Jules Verne

A la rigueur, on peut se caser provisoirement dans le navire; pendant ce temps, nous bâtirons une solide maison, capable de nous protéger contre le froid et les animaux. Je me charge d'en être l'architecte, et vous me verrez à l'oeuvre!

--Je ne doute pas de vos talents, monsieur Clawbonny, répondit Johnson; installons-nous ici de notre mieux, et nous ferons l'inventaire de ce que renferme ce navire; malheureusement, je ne vois ni chaloupe, ni canot, et ces débris sont en trop mauvais état pour nous permettre de construire une embarcation.

--Qui sait? répondit le docteur; avec le temps et la réflexion, on fait bien des choses; maintenant, il n'est pas question de naviguer, mais de se créer une demeure sédentaire: je propose donc de ne pas former d'autres projets et de faire chaque chose à son heure.

--Cela est sage, répondit Hatteras; commençons par le plus pressé.»

Les trois compagnons quittèrent le navire, revinrent au traîneau et firent part de leurs idées à Bell et à l'Américain. Bell se déclara prêt à travailler; l'Américain secoua la tête en apprenant qu'il n'y avait rien à faire de son navire; mais, comme cette discussion eût été oiseuse en ce moment, on s'en tint au projet de se réfugier d'abord dans le _Porpoise_ et de construire une vaste habitation sur la côte.

A quatre heures du soir, les cinq voyageurs étaient installés tant bien que mal dans le faux pont; au moyen d'esparres et de débris de mâts, Bell avait installé un plancher à peu près horizontal; on y plaça les couchettes durcies par la gelée, que la chaleur d'un poêle ramena bientôt à leur état naturel. Altamont, appuyé sur le docteur, put se rendre sans trop de peine au coin qui lui avait été réservé. En mettant le pied sur son navire, il laissa échapper un soupir de satisfaction qui ne parut pas de trop bon augure au maître d'équipage.

«Il se sent chez lui, pensa le vieux marin, et on dirait qu'il nous invite!»

Le reste de la journée fut consacré au repos. Le temps menaçait de changer, sous l'influence des coups de vent de l'ouest; le thermomètre placé à l'extérieur marqua vingt-six degrés (-32° centigrades).

En somme, le _Porpoise_ se trouvait placé au-delà du pôle du froid et sous une latitude relativement moins glaciale, quoique plus rapprochée du nord.

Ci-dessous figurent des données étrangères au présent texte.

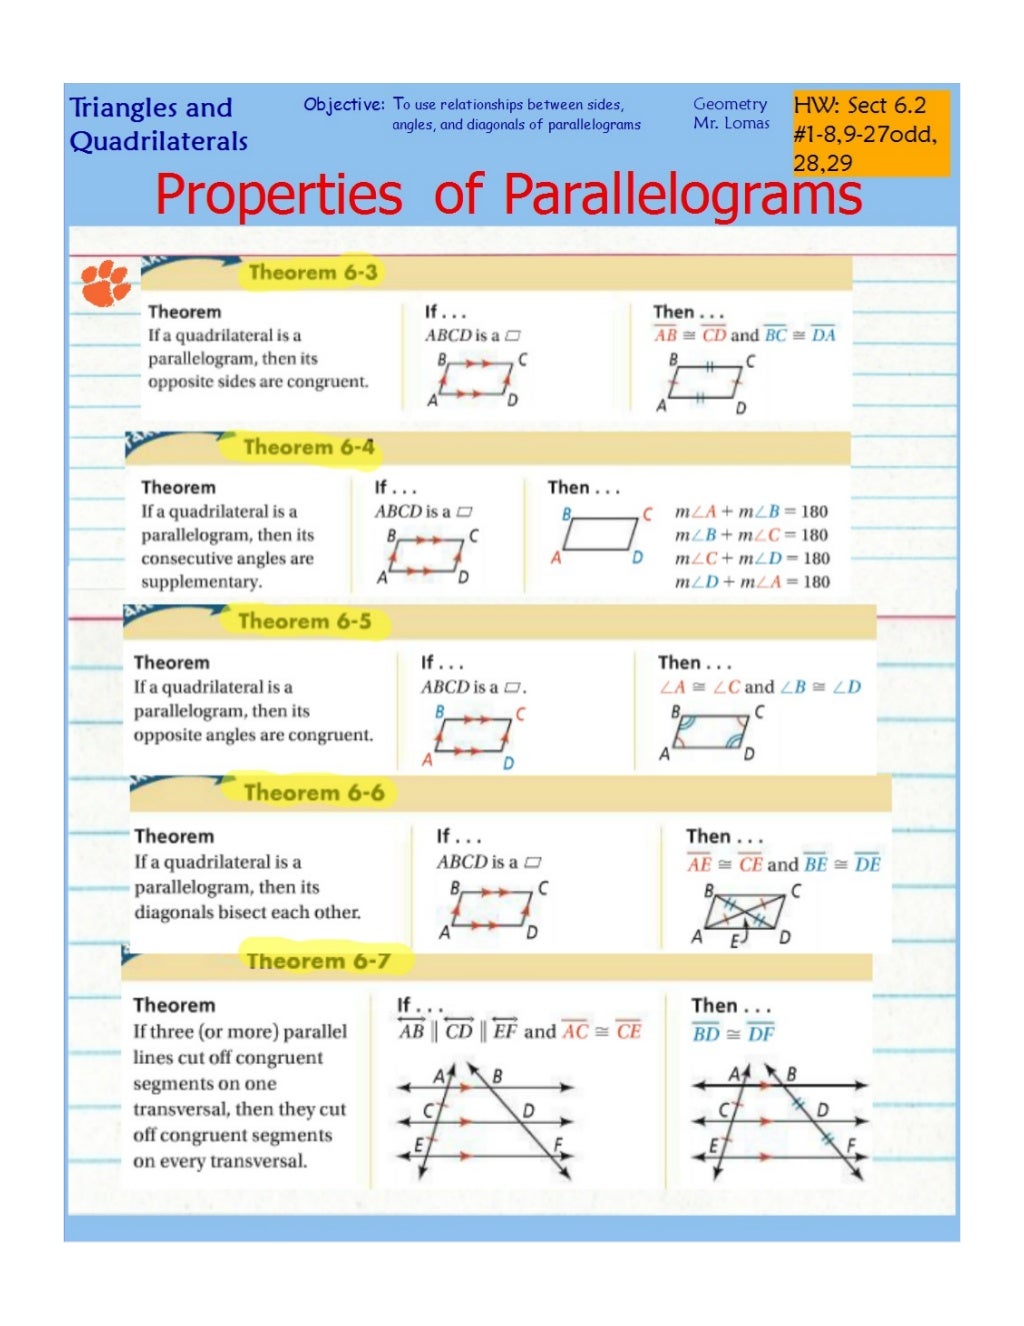 properties of parallelograms assignment

On acheva, ce jour-là, de manger les restes de l'ours, avec des biscuits trouvés dans la soute du navire et quelques tasses de thé; puis la fatigue l'emporta, et chacun s'endormit d'un profond sommeil.

Le matin, Hatteras et ses compagnons se réveillèrent un peu tard. Leurs esprits suivaient la pente d'idées nouvelles; l'incertitude du lendemain ne les préoccupait plus; ils ne songeaient qu'à s'installer d'une confortable façon. Ces naufragés se considéraient comme des colons arrivés à leur destination, et, oubliant les souffrances du voyage, ils ne pensaient plus qu'à se créer un avenir supportable.

«Ouf! s'écria le docteur en se détirant les bras, c'est quelque chose de n'avoir point à se demander où l'on couchera le soir et ce que l'on mangera le lendemain.

--Commençons par faire l'inventaire du navire», répondit Johnson.

Le _Porpoise_ avait été parfaitement équipé et approvisionné pour une campagne lointaine.

L'inventaire donna les quantités de provisions suivantes: six mille cent cinquante livres de farine, de graisse, de raisins secs pour les poudings; deux mille livres de boeuf et de cochon salé; quinze cents livres de pemmican; sept cents livres de sucre, autant de chocolat; une caisse et demie de thé, pesant quatre-vingt seize livres: cinq cents livres de riz; plusieurs barils de fruits et de légumes conservés; du lime-juice en abondance, des graines de cochlearia, d'oseille, de cresson; trois cents gallons de rhum et d'eau-de-vie. La soute offrait une grande quantité de poudre, de balles et de plomb; le charbon et le bois se trouvaient en abondance. Le docteur recueillit avec soin les instruments de physique et de navigation, et même une forte pile de Bunsen, qui avait été emportée dans le but de faire des expériences d'électricité.